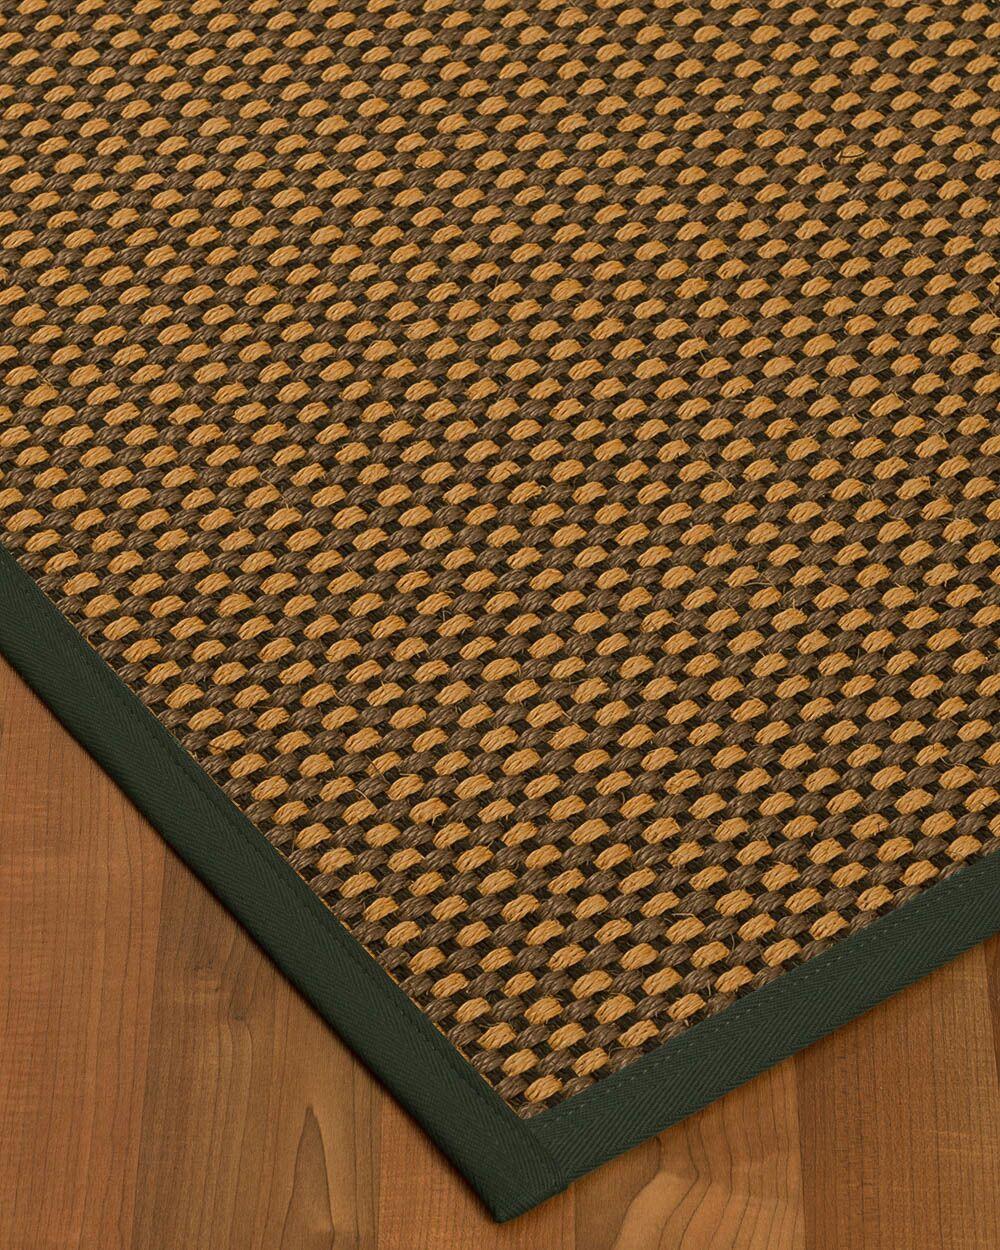 Kimbrel Hand-Woven Brown Area Rug Rug Size: Rectangle 5' x 8'
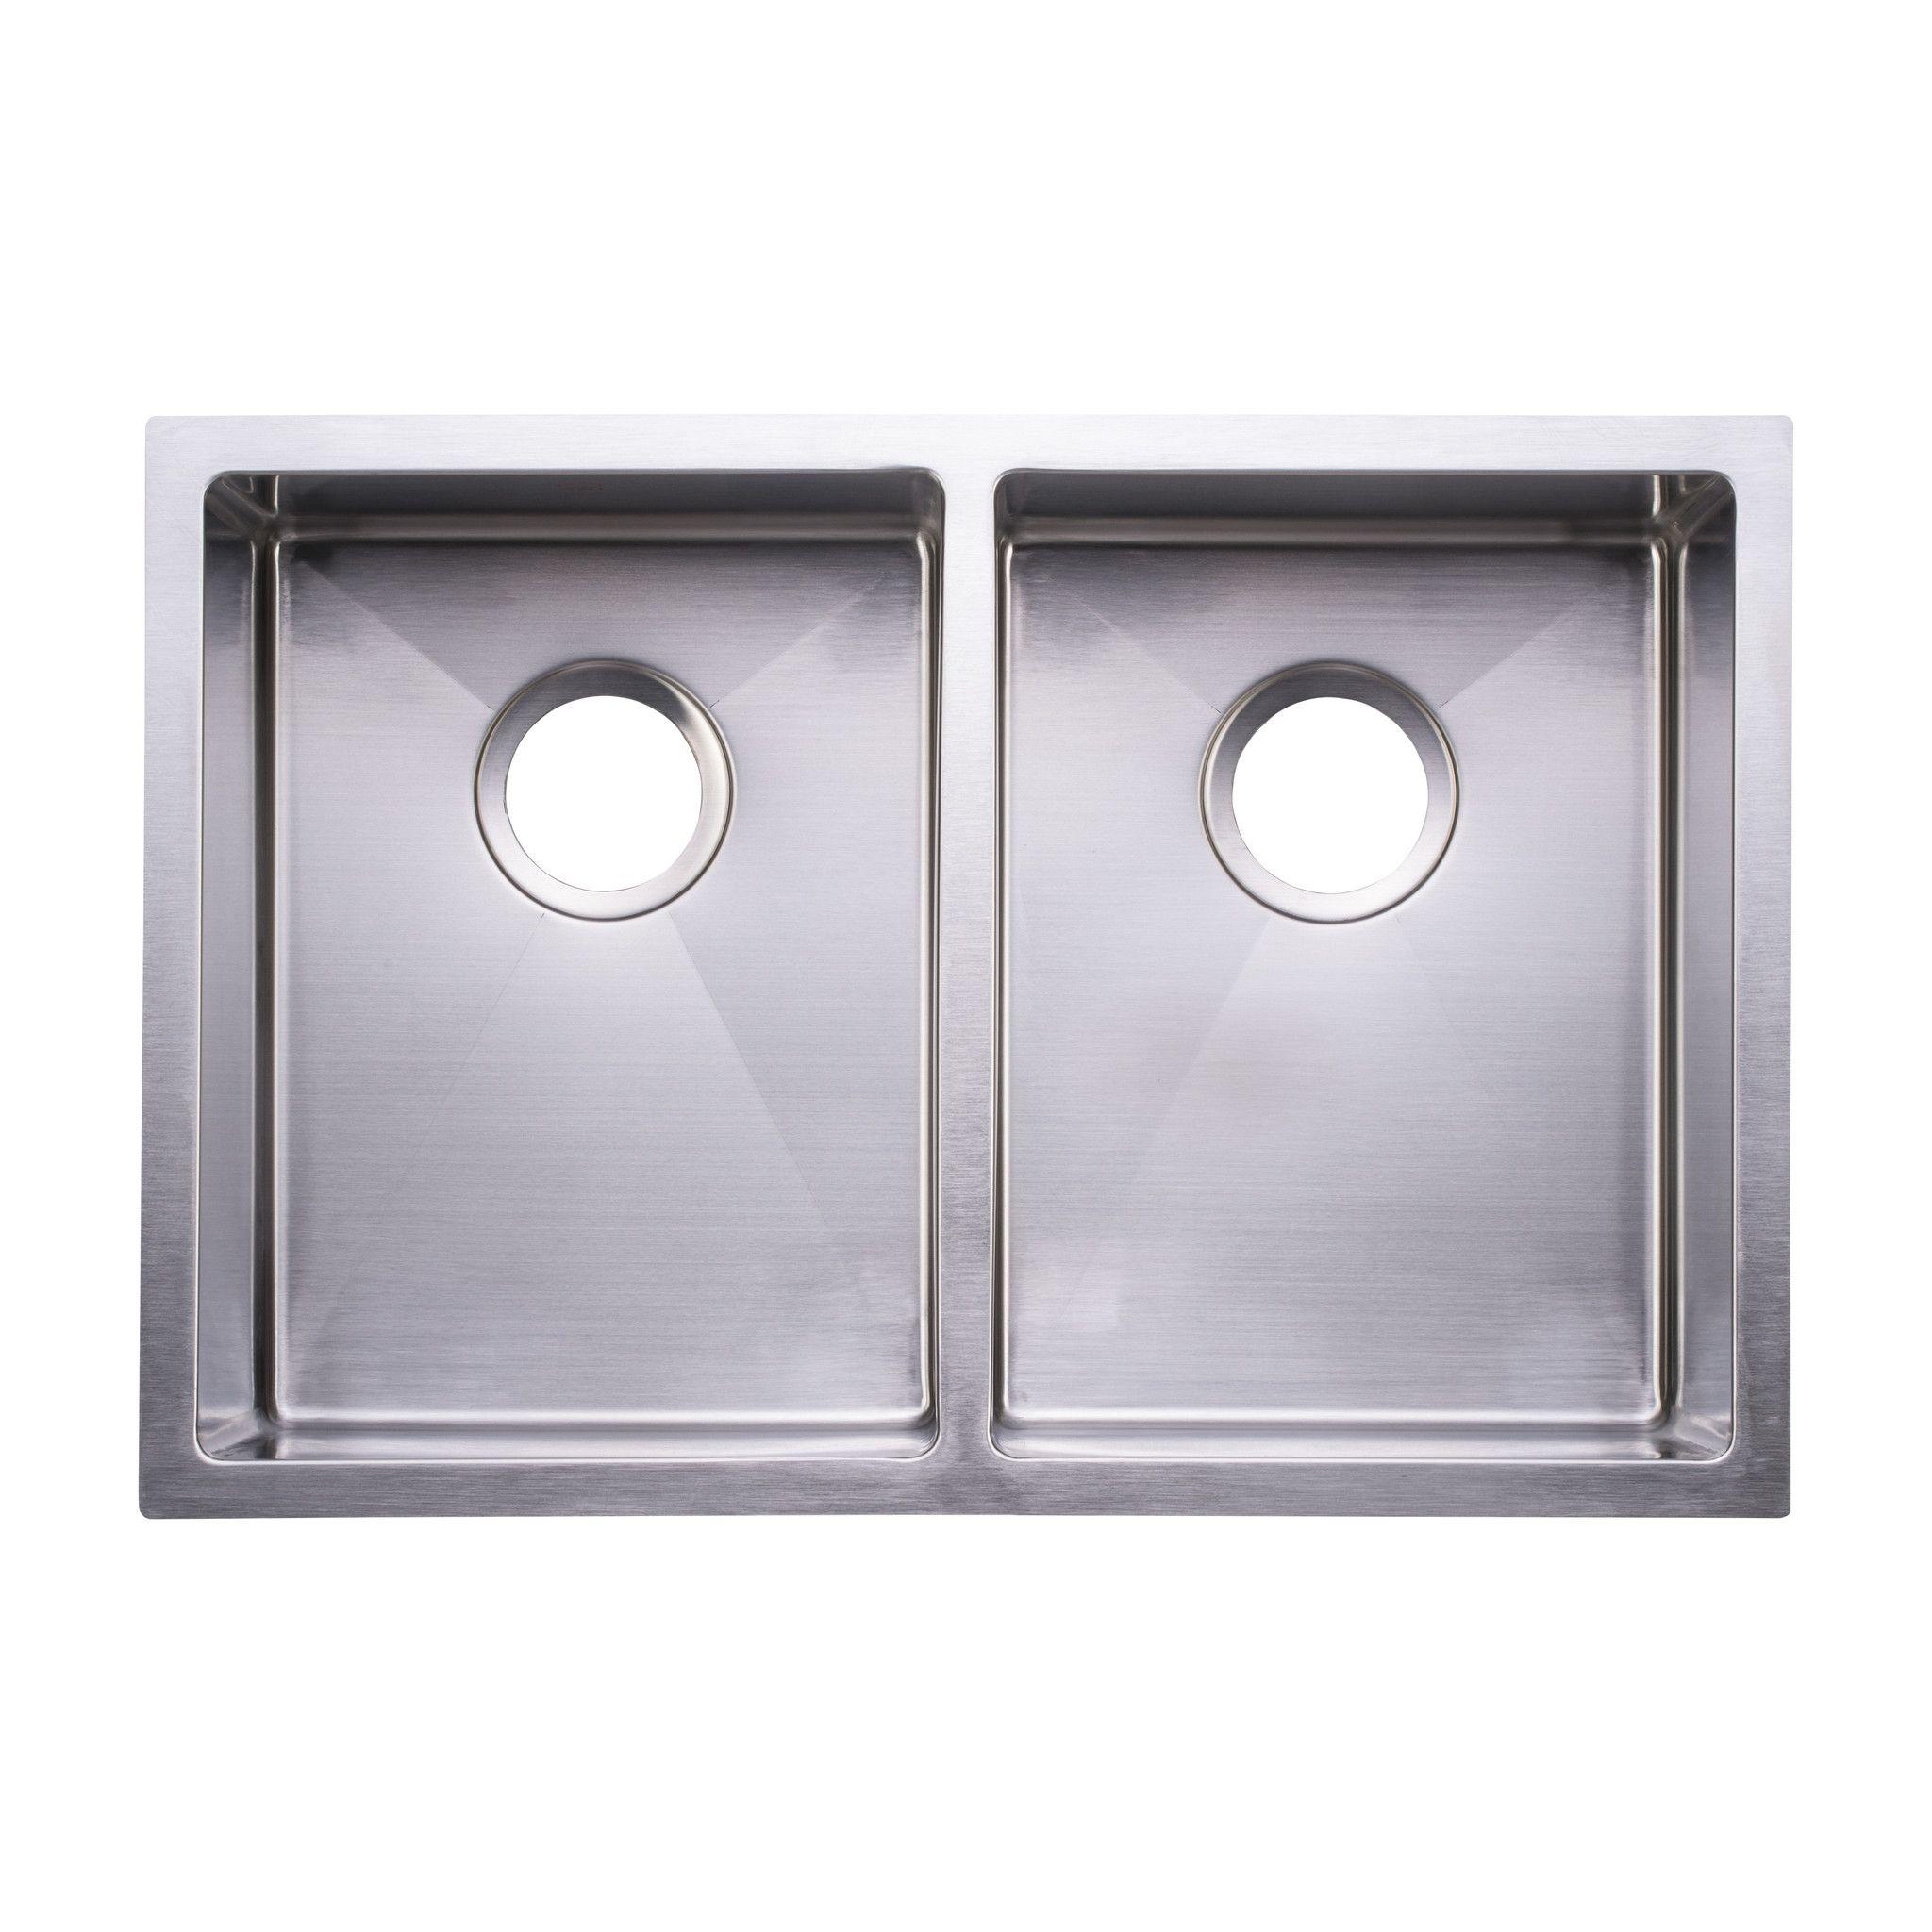 Bai 1224 Stainless Steel 16 Gauge Kitchen Sink Handmade 27 Inch
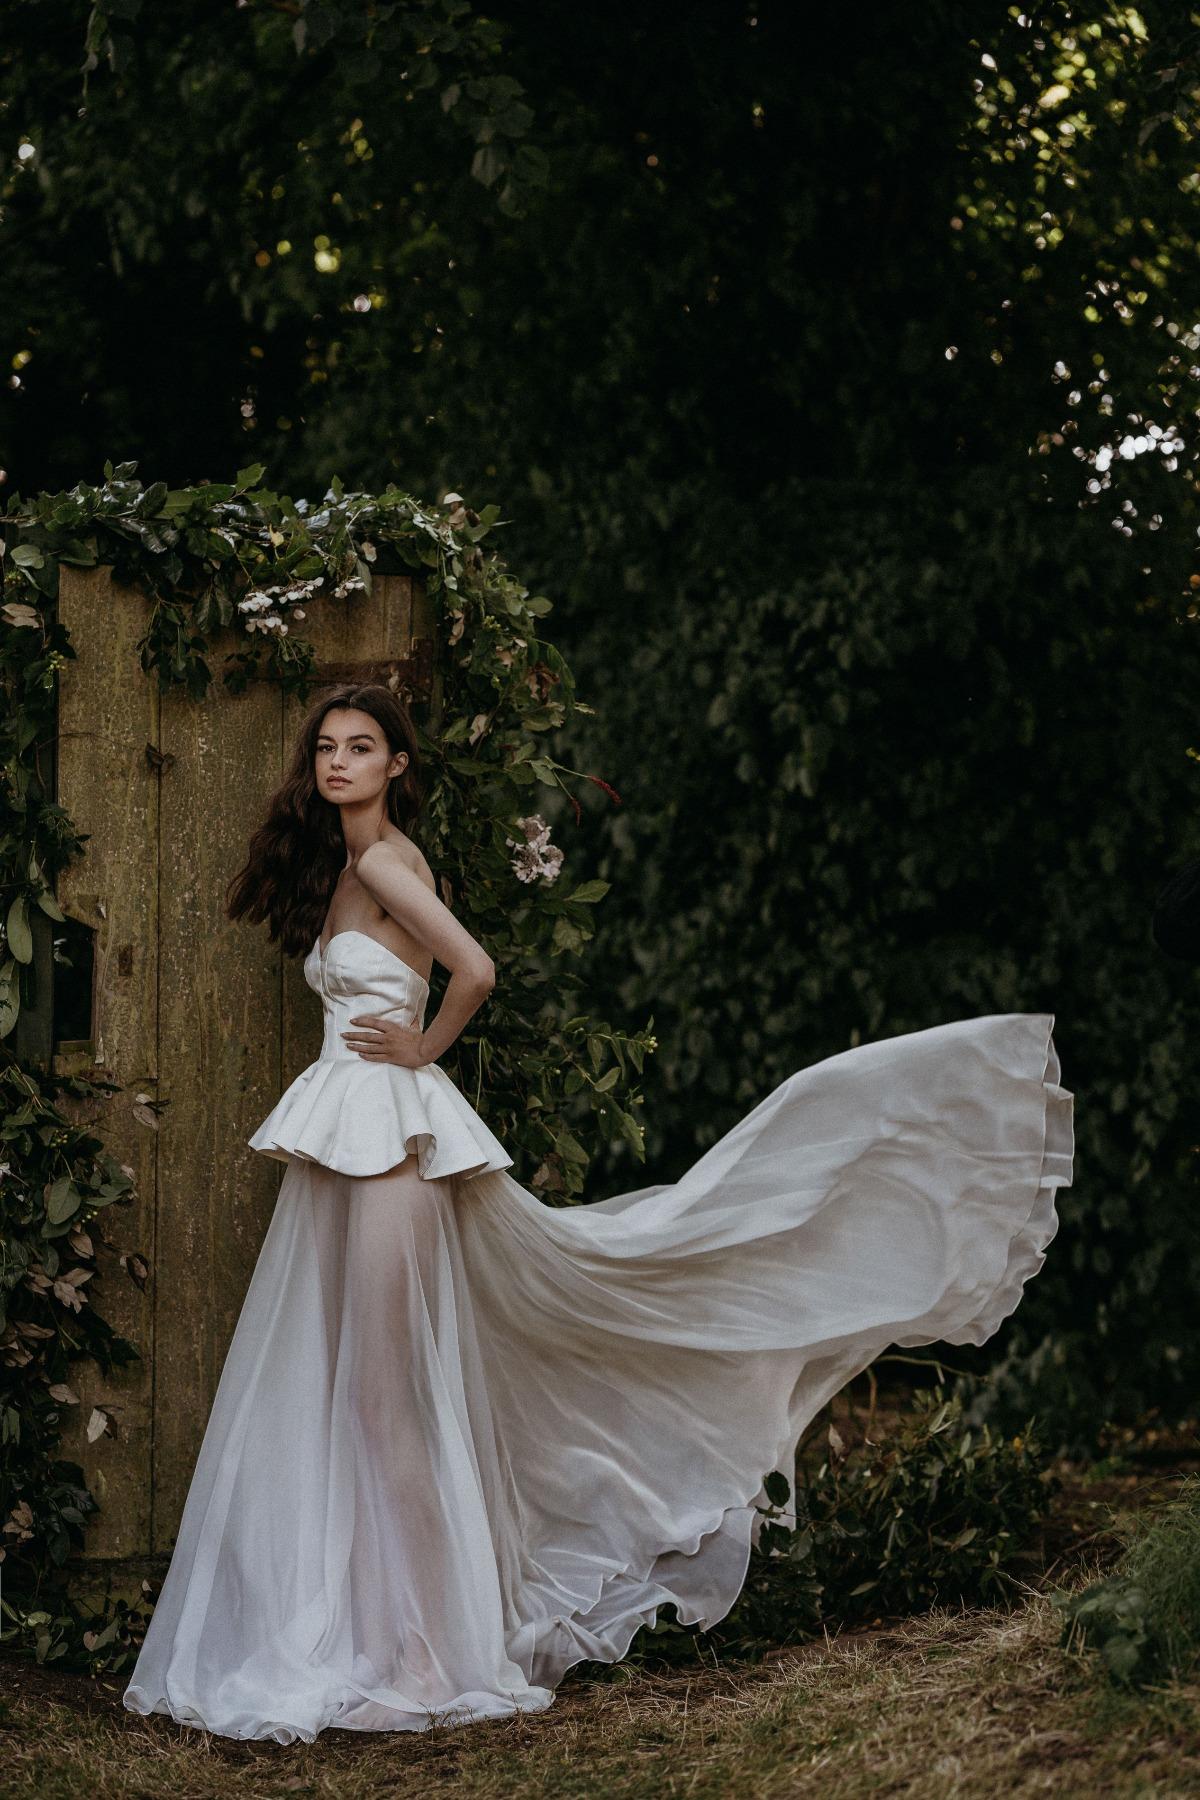 vestidos de novia veganos 2022, tendencias en vestidos de novia 2022 - sanyukta shrestha - wedding hub - 04

···

## What is expected
Leave the pictures out, and print every line of the listing exactly as written.

## Answer to the exercise
 Kimbrel Hand-Woven Brown Area Rug Rug Size: Rectangle 5' x 8'
 Bai 1224 Stainless Steel 16 Gauge Kitchen Sink Handmade 27 Inch
 vestidos de novia veganos 2022, tendencias en vestidos de novia 2022 - sanyukta shrestha - wedding hub - 04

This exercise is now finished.